Daily currency update courtesy of Halo financial

(Catharine Higginson) #1

Tuesday was a big day for data and a big day for India. The Delhi Commonwealth Games are in doubt after reports of an uninhabitable athletes’ village and the collapse of a footbridge which injured more than 20 construction workers. Their problem is clearly a lack of Polish builders. I am sure we could fly a few teams in and knock that job off in the 11 days left before the games start.

Thankfully the US economy doesn’t look like it will collapse but the Federal Reserve has shifted its emphasis a little. In the past they tended to threaten further expansion of the money supply if there was a fear that growth may stall but now they are saying they would step in if the pace for growth slowed. They kept the base interest rate on hold and didn’t alter anything about their current quantitative easing plans but the message was received loud and clear by the markets. This news brought a sharp period of US Dollar weakness last night after the UK markets had closed. The Dollar lost a cent and a half against the Pound and two cents against the Euro in the space of half an hour. As you can surmise from that sentence, Sterling slipped against the Euro in the same period.

Sterling’s lack of impetus was a result of news earlier in the day that the UK government borrowed £15.3 billion in August; £2 billion more than in August 2009 and a record amount for any August on record. The increased cost of interest on government debt was cited as the problem but that doesn’t bode well for the future because until they are in a position to start to reduce the principle amount, as interest rates rise, the cost of servicing the existing debt will only rise. We get a bit of insight into the UK interest rate path when the Bank of England publishes the minutes from their last meeting this morning. A vote of 8-1 is likely for their decision to keep interest rates at their historic low with the ubiquitous Andrew Sentence being the dissenter voting in favour of a pre-emptive interest rate hike.

Later in the day we get Eurozone industrial orders data and that may dampen the market enthusiasm for the Euro which was pumped up by successful bond auctions in Ireland, Spain and Greece; three of the most troubling countries in the Eurozone. The interest rates being paid by these governments is well above the EU base rate but that risk premium is probably considered a small price to pay for stability and for each country being seen to be able to service its own debt requirements without resorting to International Monetary Fund or European Central Bank support. Mind you, when the IMF and ECB are clearly happy to support each country in the region, the risk in buying these bonds is very small in real terms.

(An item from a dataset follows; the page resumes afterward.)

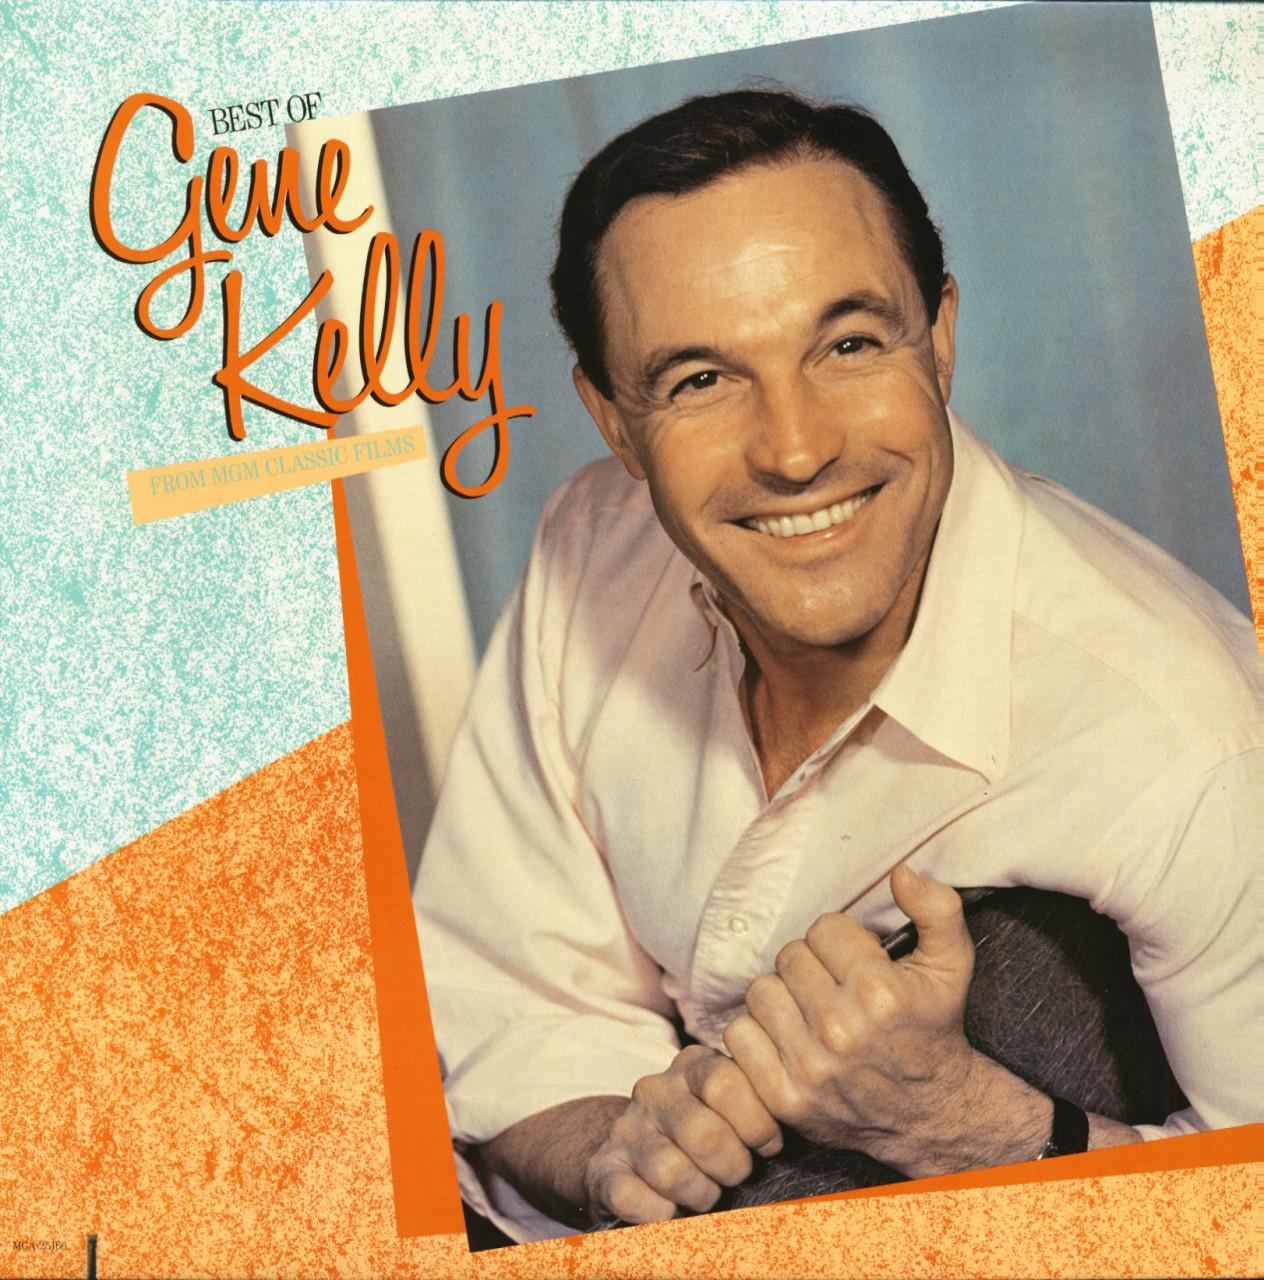 Gene Kelly - Best Of Gene Kelly From MGM Classic Films (LP)

In other news, the Canadian Dollar was largely unmoved by inflation data which printed at a surprisingly high 1.7%. There is an outside chance that the Bank of Canada could further hike interest rates in order to stifle inflation; a bold move while the US is threatening to loosen money supply. Today brings retail sales and leading indicator figures which should keep the Canadian Dollar busy within recent ranges. However, further weakness in the US Dollar will boost commodity prices which are largely priced in USD, so the Canadian Dollar may get an unexpected boost.

Overnight tonight we will get New Zealand’s economic growth data which should point to strong growth and may well strengthen the New Zealand Dollar. Gross Domestic Product growth of some 1.1 percent is forecast; a very healthy level if it proves to be accurate. However, yesterday’s current account figures showed that NZ moved from a surplus to a deficit; an unexpected development and one that brings into question the strength of NZ’s export markets. As export’s play such a major role in New Zealand’s economic activity, there is room for an upset tonight, so automated market orders are recommended.

Elsewhere things were a little less lively. The Australian Dollar made some gains as the US Dollar declined late last night on the basis that those selling the USD were looking for higher interest rates elsewhere. The Reserve Bank of Australia has paused its interest rate hiking program but there is little likelihood of any cuts; so at a time when the US central bank is warning of looser monetary policy, the potential for higher yields in Australia is very attractive to international investors.

And finally, the normal image of bank robbers is that they hurry to a getaway car and speed off with their ill gotten gains but an Oregon woman has been charged with a very peculiar bank robbery where, having demanded and taken money from the Umpqua Bank in Grants Pass, she and her getaway driver stopped to pick up her daughters from primary school before heading home where they were arrested.

“So Cindy, what does your mommy do for a living?”
“I don’t know Miss but you can ask her because here she comes now. Can you see her? She’s the one in the ski mask”.